What to do
Leaving pictures out, repeat word for word the line that has "Pánské tričko Kariban" and each line that follows it to the end of the listing.

======== Given data ========

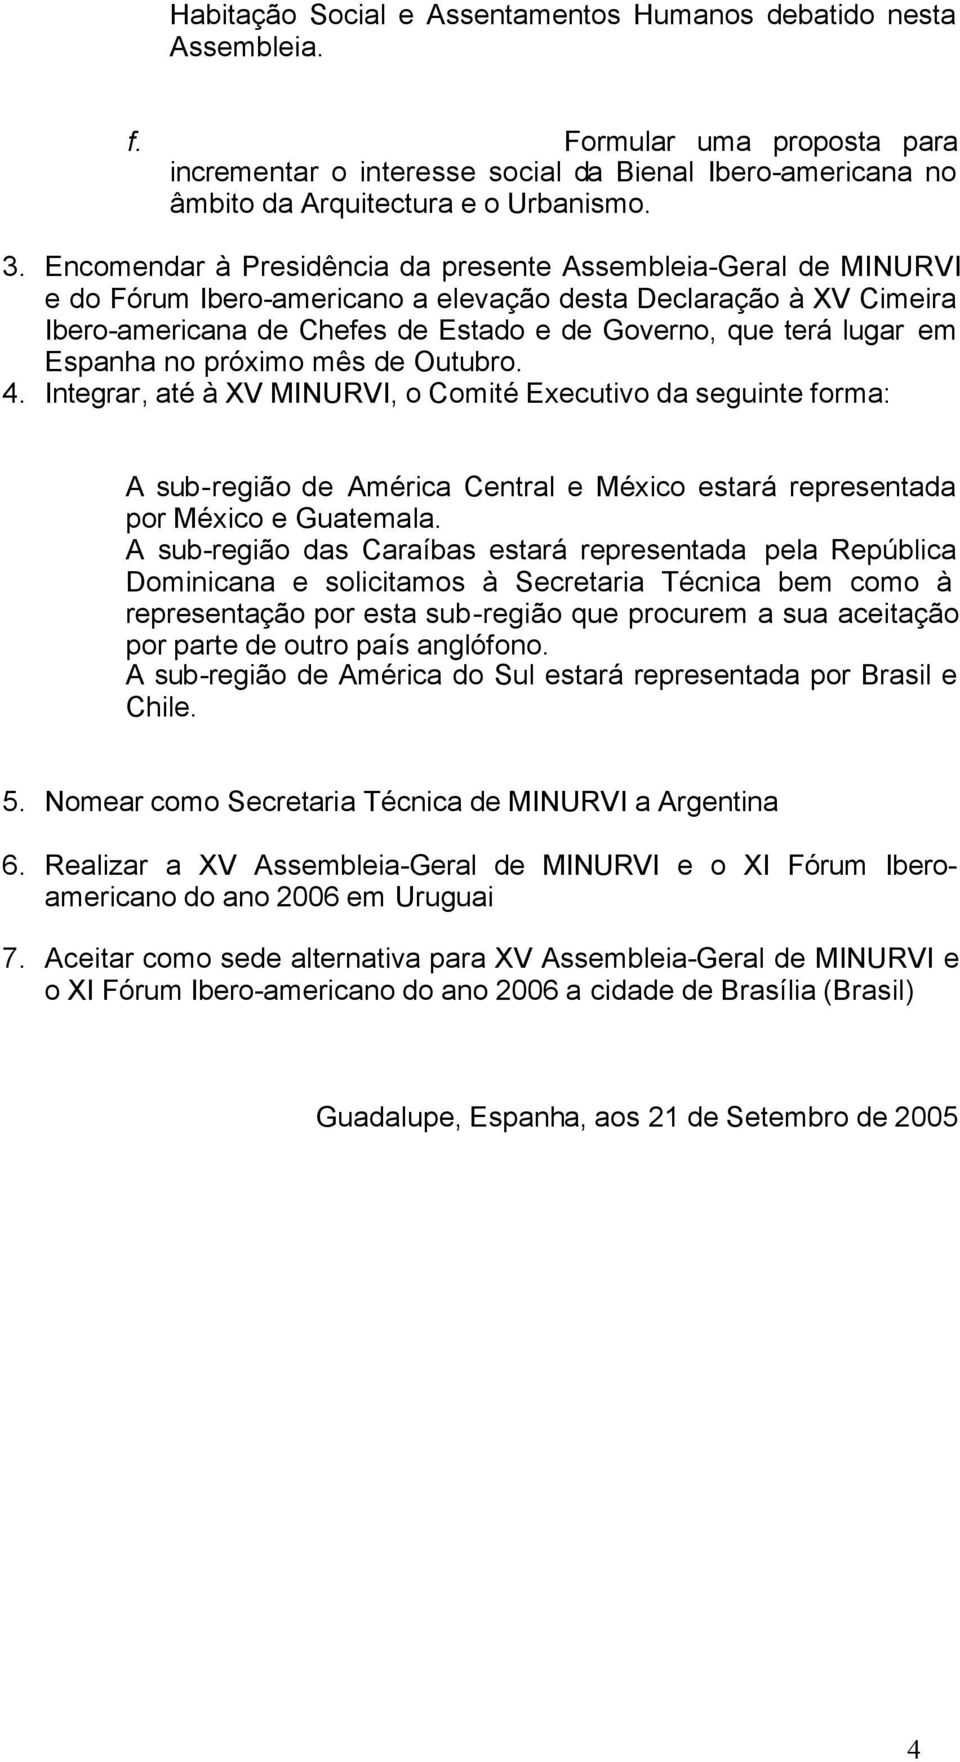 em Espanha no próximo mês de Outubro. 4. Integrar, até à XV MINURVI, o Comité Executivo da seguinte forma: A sub-região de América Central e México estará representada por México e Guatemala.
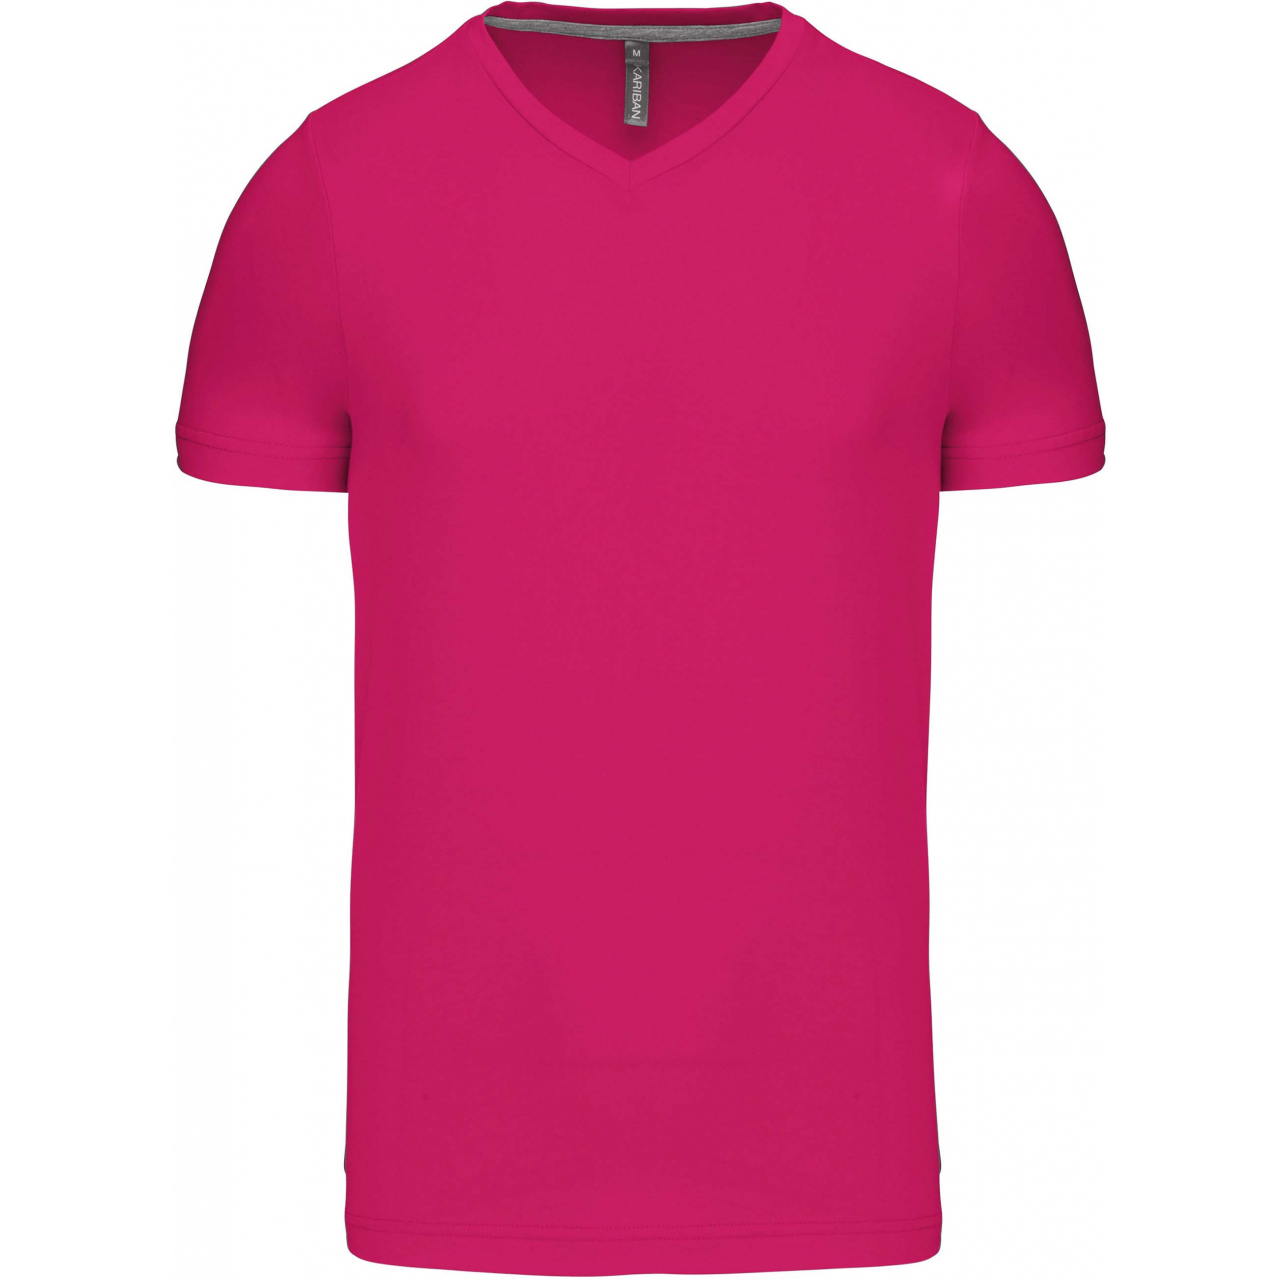 Pánské tričko Kariban krátký rukáv V-neck - růžové, M
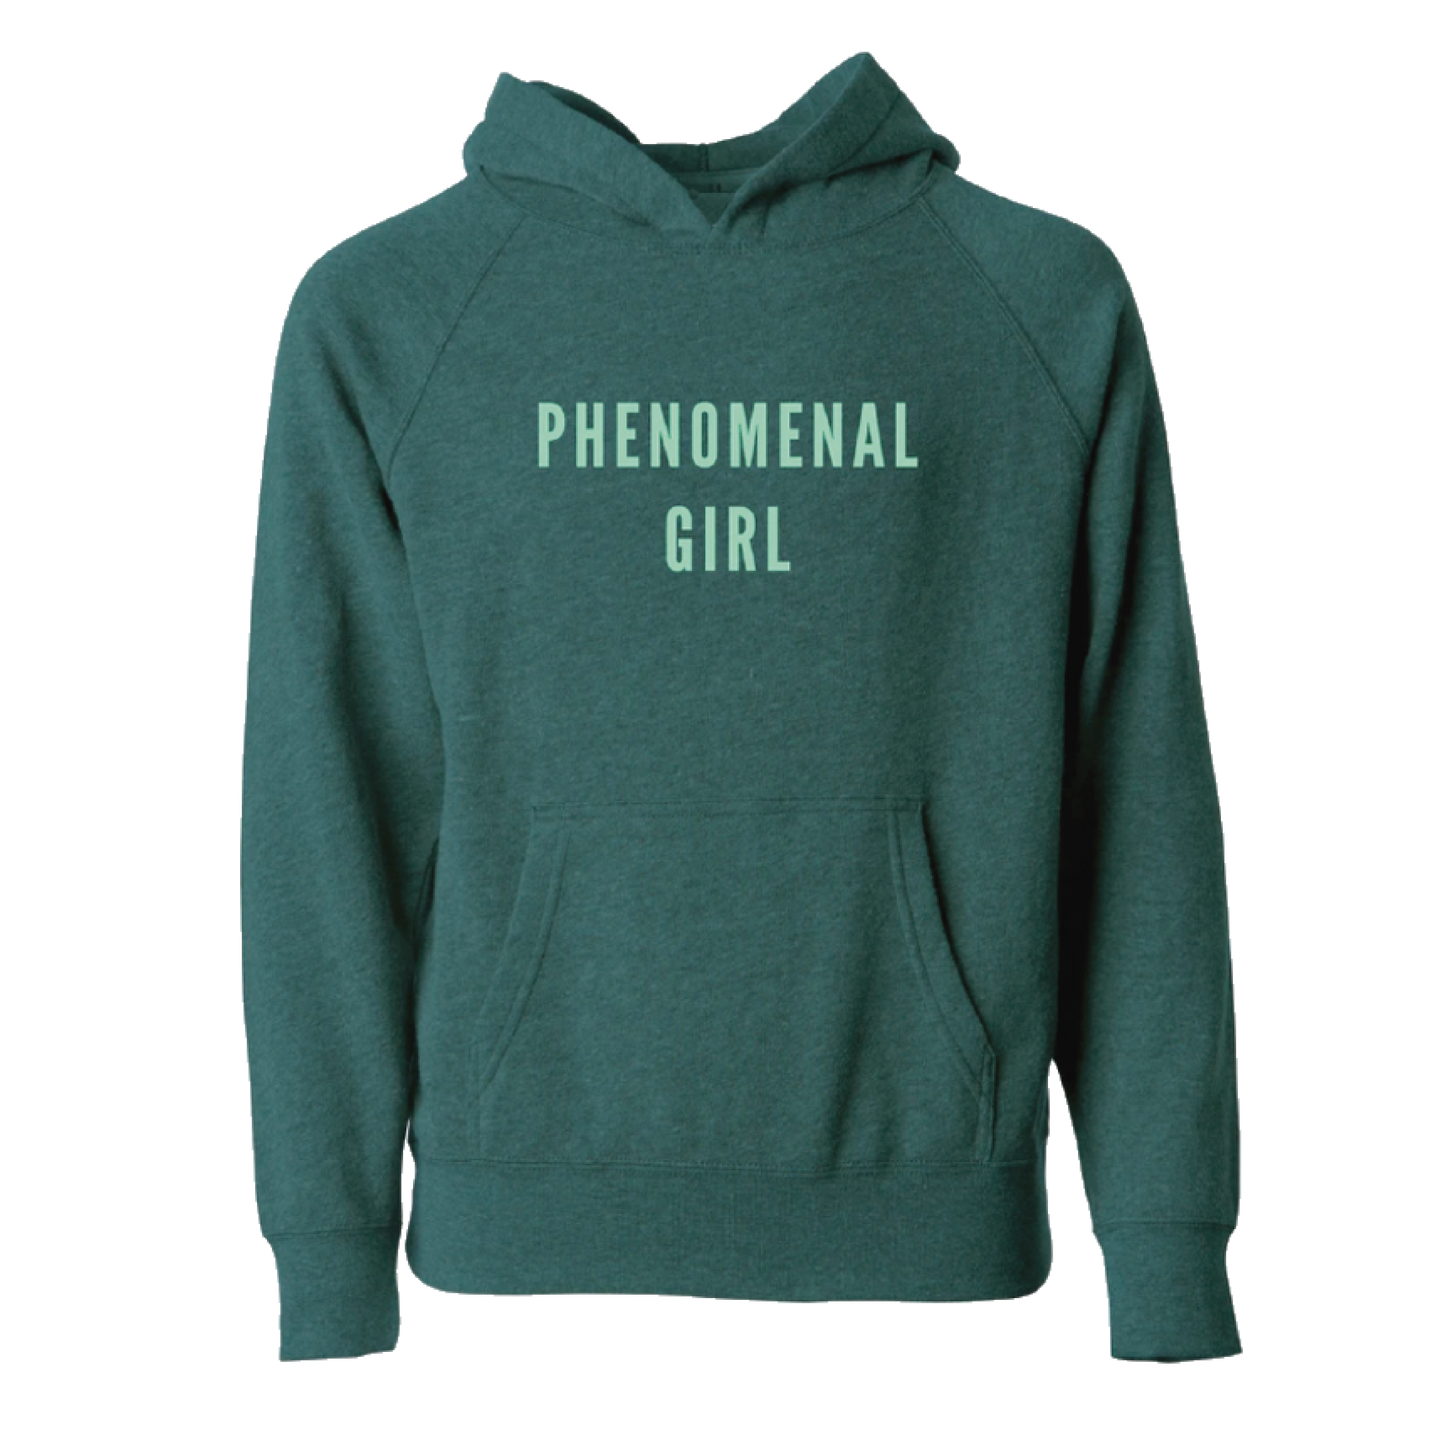 Phenomenal Girl Lightweight Hoodie Sweatshirt (Kids)

========

Problem solution
 Pánské tričko Kariban krátký rukáv V-neck - růžové, M
 Phenomenal Girl Lightweight Hoodie Sweatshirt (Kids)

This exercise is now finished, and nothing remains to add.